In the past fortnight, I have visited Chartwell, the beloved home of Winston Churchill, and also watched the film The Darkest Hour. Churchill is best remembered as a war-leader, politician and historian. He did not have a happy childhood: his experience of love came through his nanny named Elizabeth Everest. She gave the young Winston a Christian-based upbringing.

Whilst in his 20s, he was a correspondent covering the Boer War. One of his adventures in this period was his escape from a prison train. His bid for freedom led him into a very real spiritual encounter and the loving (religious) instruction given by his childhood nanny was not without effect.

With his would-be captors nearby and not knowing which direction to go for refuge, he slumped to the ground in desperate depression. He was, he said, ‘…completely baffled, destitute of any idea of what to do or where to turn.

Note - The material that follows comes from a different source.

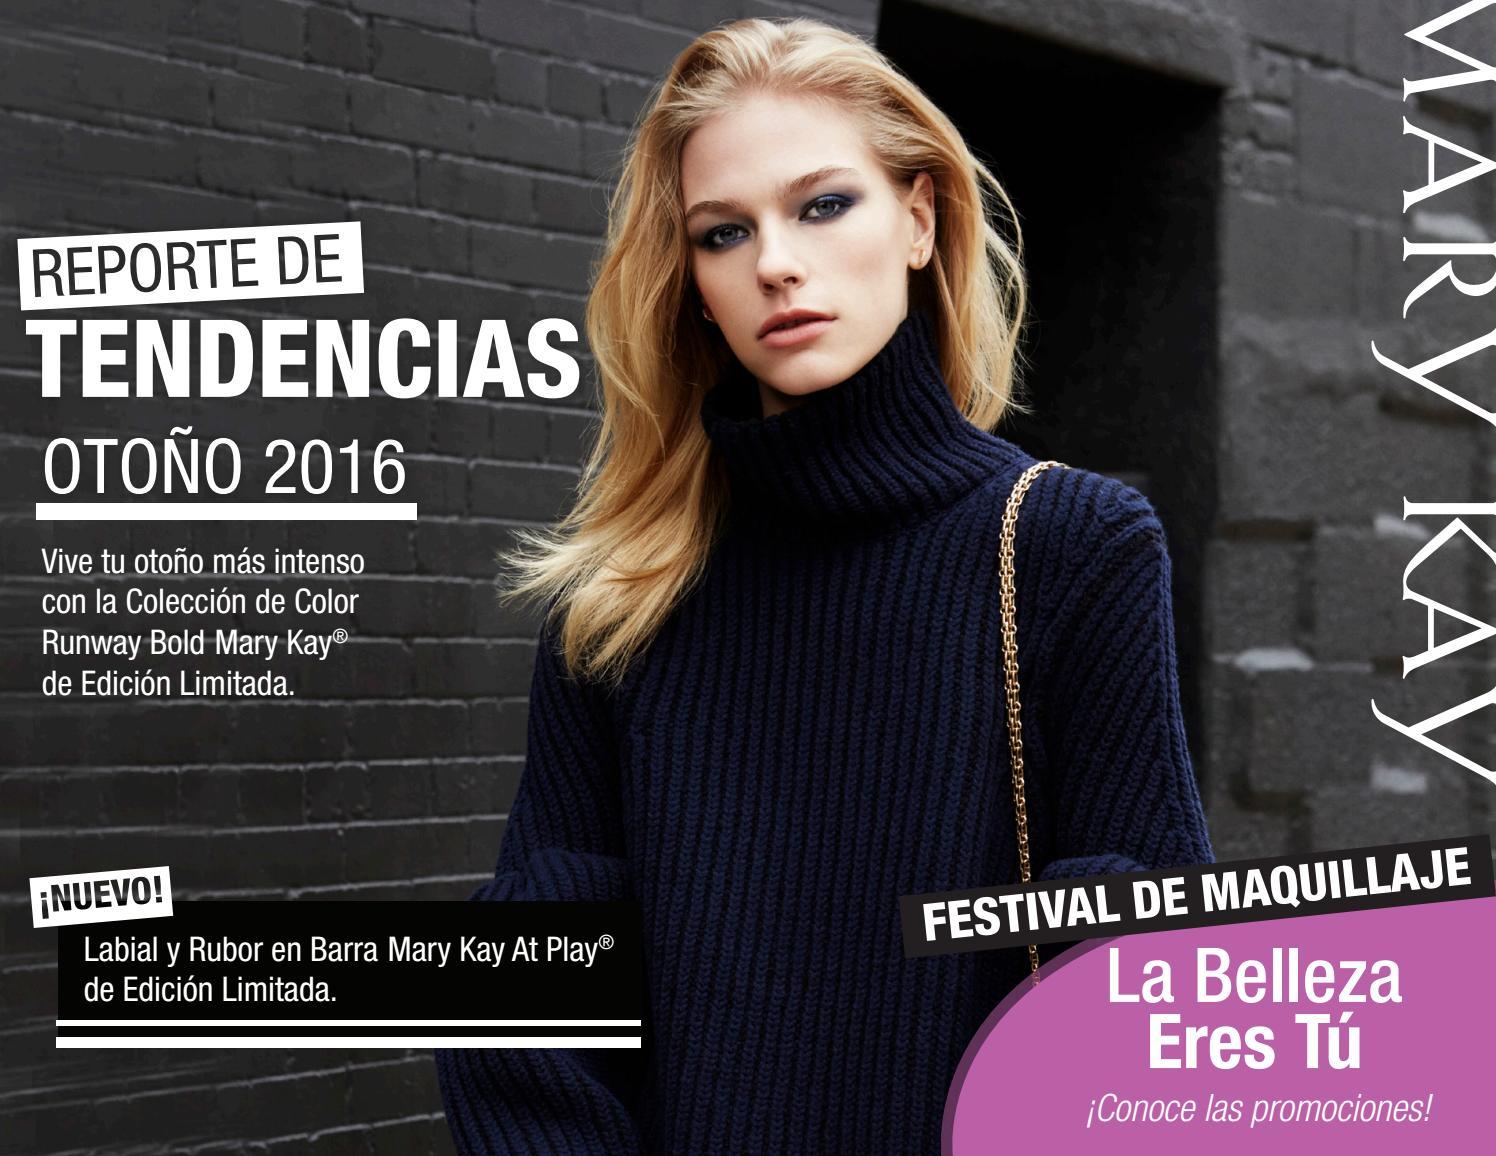 Reporte Mary Kay de Tendencias Septiembre Octubre 2016 by Mary Kay de México - Issuu

I found no comfort in any of the philosophical ideas which some men parade in their hours of ease and strength and safety; they seemed only fair-weather friends. I realised with awful force that no exercise of my own feeble wit and strength could save me from my enemies and that without the assistance of that High-Power which interferes in the eternal sequence of causes and effects, … I could never succeed. I prayed long and earnestly for help…’ He went on to speak of how he was immediately filled with a peace that was without logic and how his deliverance was both quick and amazing.

Churchill’s account reminds me of Psalm 107. In this piece of prose, we read of four categories of people who, like Churchill, are at their wits end. Firstly, one group is in abject poverty, looking for somewhere to live and not knowing where their next meal is coming from; they see their lives ebbing away. Another group has rebelled against God’s commands and are suffering as a result. Others are foolish in their conduct and so are afflicted accordingly, to the point where they even loathe food; they need healing because death is at their door. Finally, there are those who are being terrorised by the shear forces of nature; things utterly outside of their control. All are in complete despair. However, of each group, we read, ‘Then they cried out to the Lord in their trouble, and he brought them out of their distress.’

We don’t have to wait until we reach our own ‘darkest hour’ before we too can turn to God. We may be encouraged by Churchill’s story of deliverance but, even better, listen to the last verse of Psalm 107 which says, ‘Whoever is wise, let them heed these things and consider the great love of the Lord.’